Tatsat Chronicle Magazine

Globalisation and India’s Urban Dilemma

The exodus from India’s cities during the Covid lockdown exposed the shortcomings in urban planning and the resultant unchecked growth
November 12, 2021
urban water supply
Unplanned growth has been the bane of Indian cities and overcrowding is the most common outcome (Photo: UNSPLASH)

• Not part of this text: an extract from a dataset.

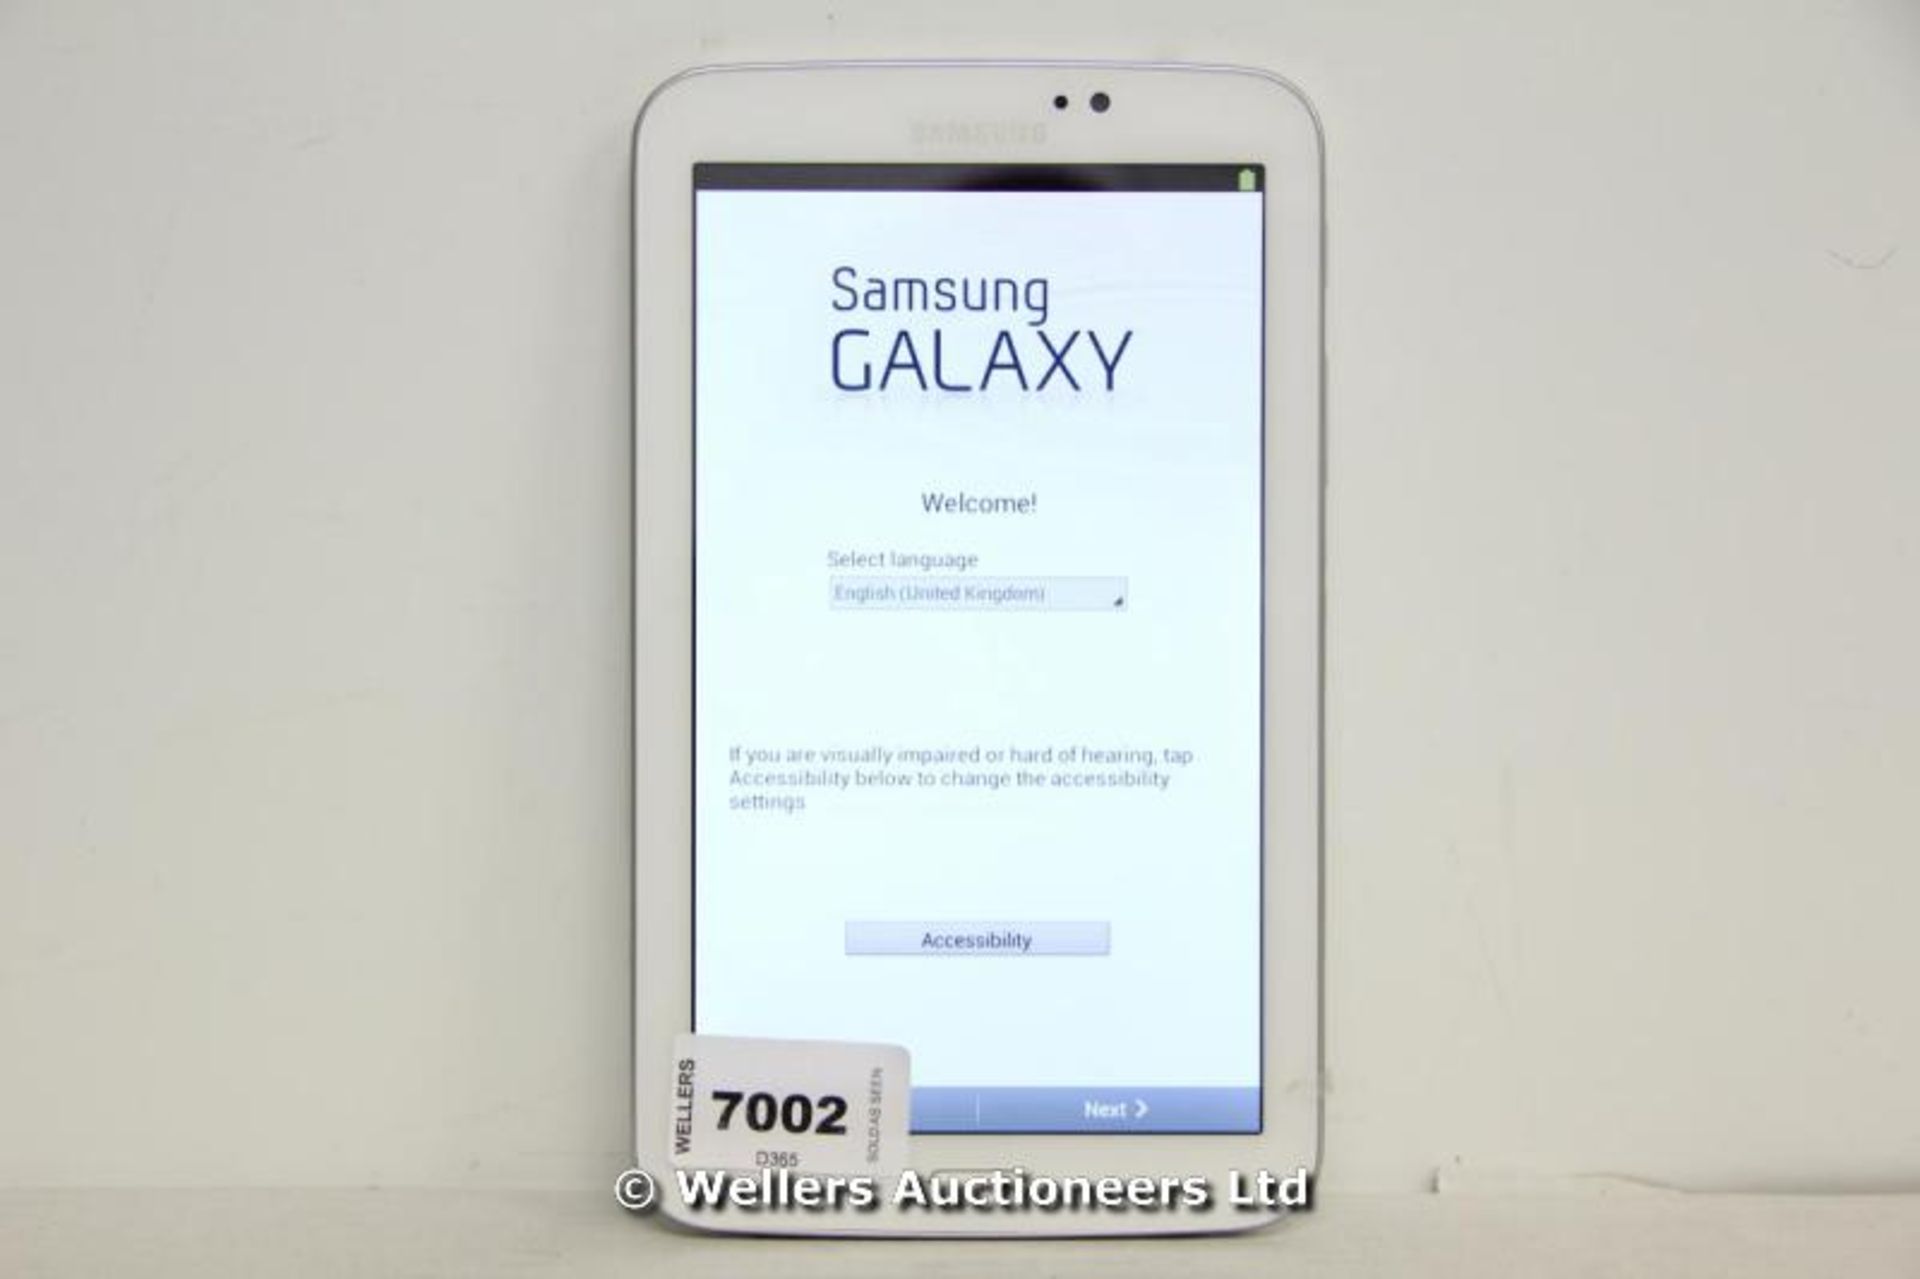 *"SAMSUNG TAB 3 7” TABLET / 1.2GHZ DUAL CORE PROCESSOR / RAM 1GB / 8GB HDD / ANDROID O/S / WITH
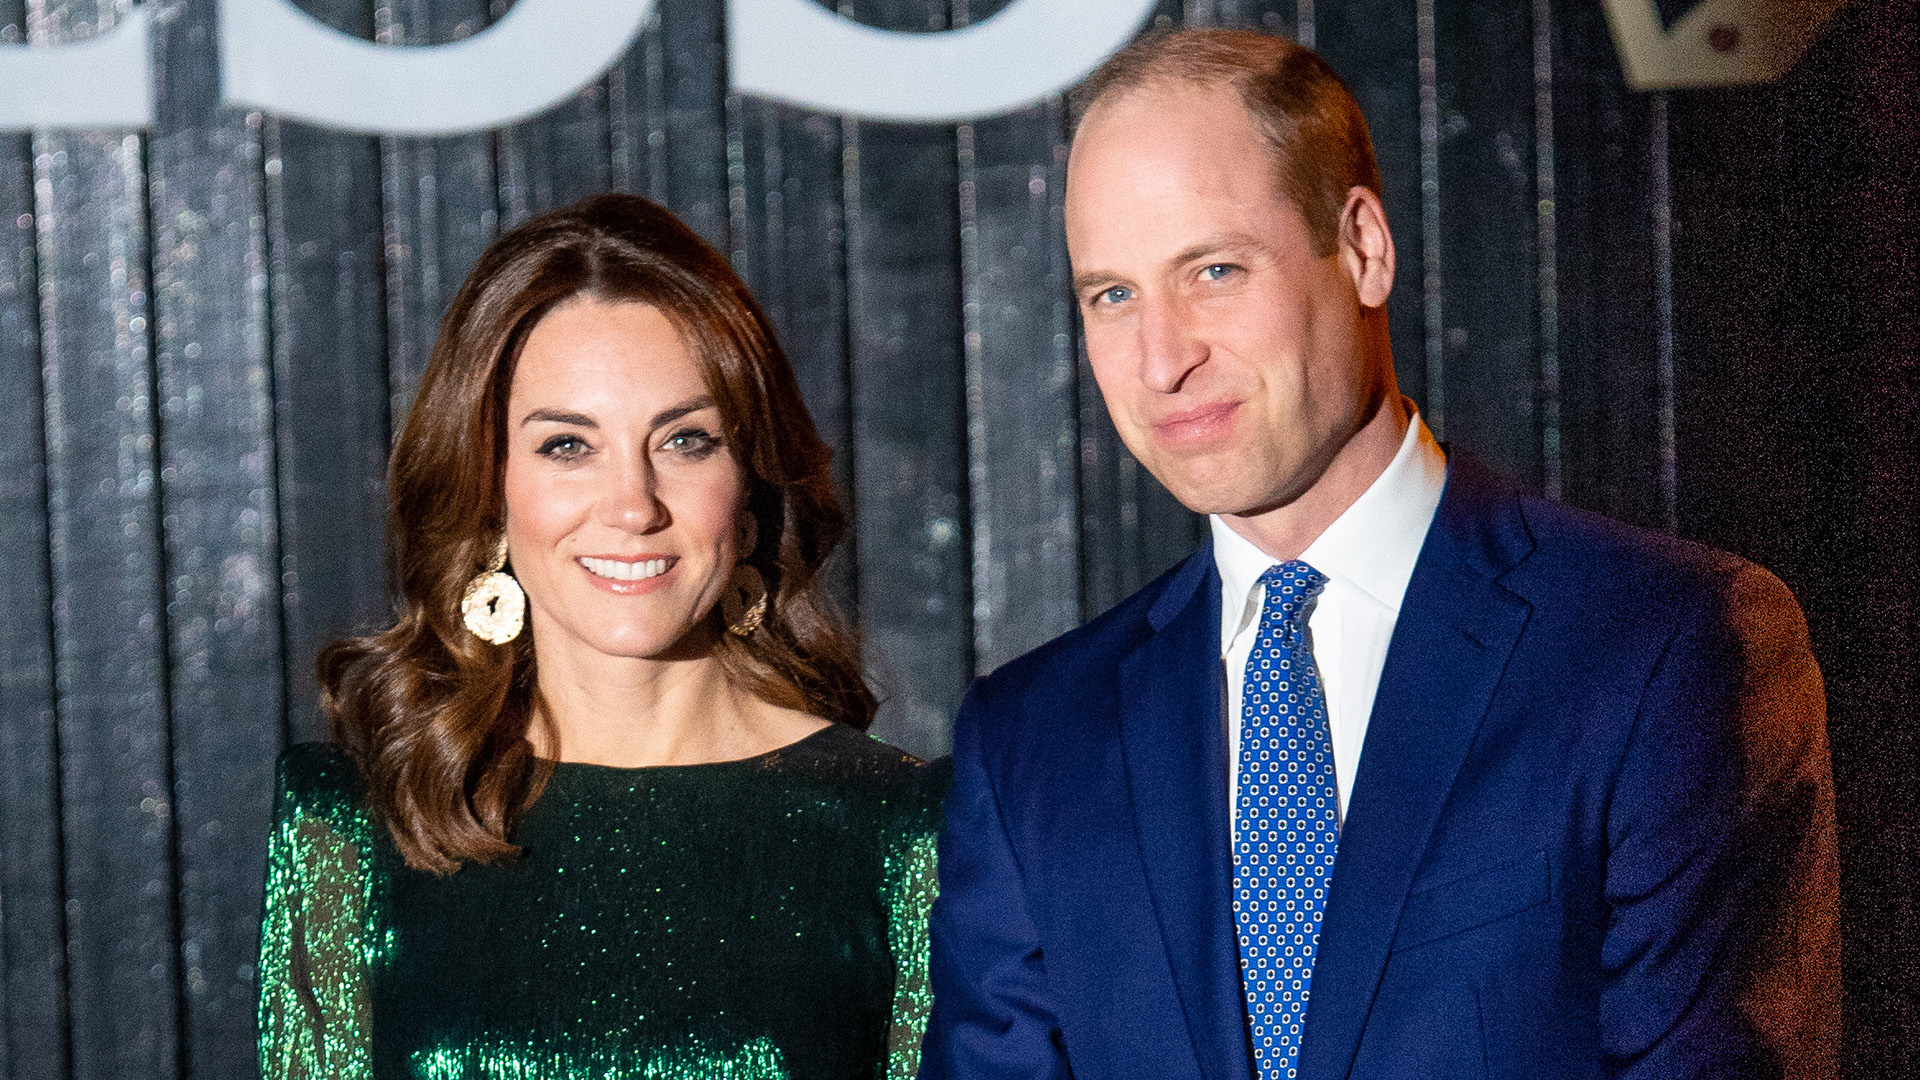 Who Did Prince William Date Before Marrying Kate Middleton?

India is no stranger to urban life. It is the land of some of the oldest continuing cities in the world besides being home to the site of the famed prehistoric urban settlements of Harappa and Mohenjo-Daro. But the true dimensions of the great urban expansion it has experienced over the past three-quarters of a century, accelerating during globalisation, had rarely been fully appreciated. Until, of course, the massive reverse migrations triggered by Covid-19 lockdowns. As sources of income dried up with the large-scale loss of jobs, thousands of women, children and men trudged back to their villages to find refuge in relative economic and social security. They had to surmount great difficulties as all means of public transport had been suspended. No doubt some good Samaritans volunteered to provide succour in their distress but this mass reverse migration was a strong indictment of city planners who over decades left the people who actually build the cities and provide them with many essential services, to fend for themselves so far as shelter and other welfare needs were concerned.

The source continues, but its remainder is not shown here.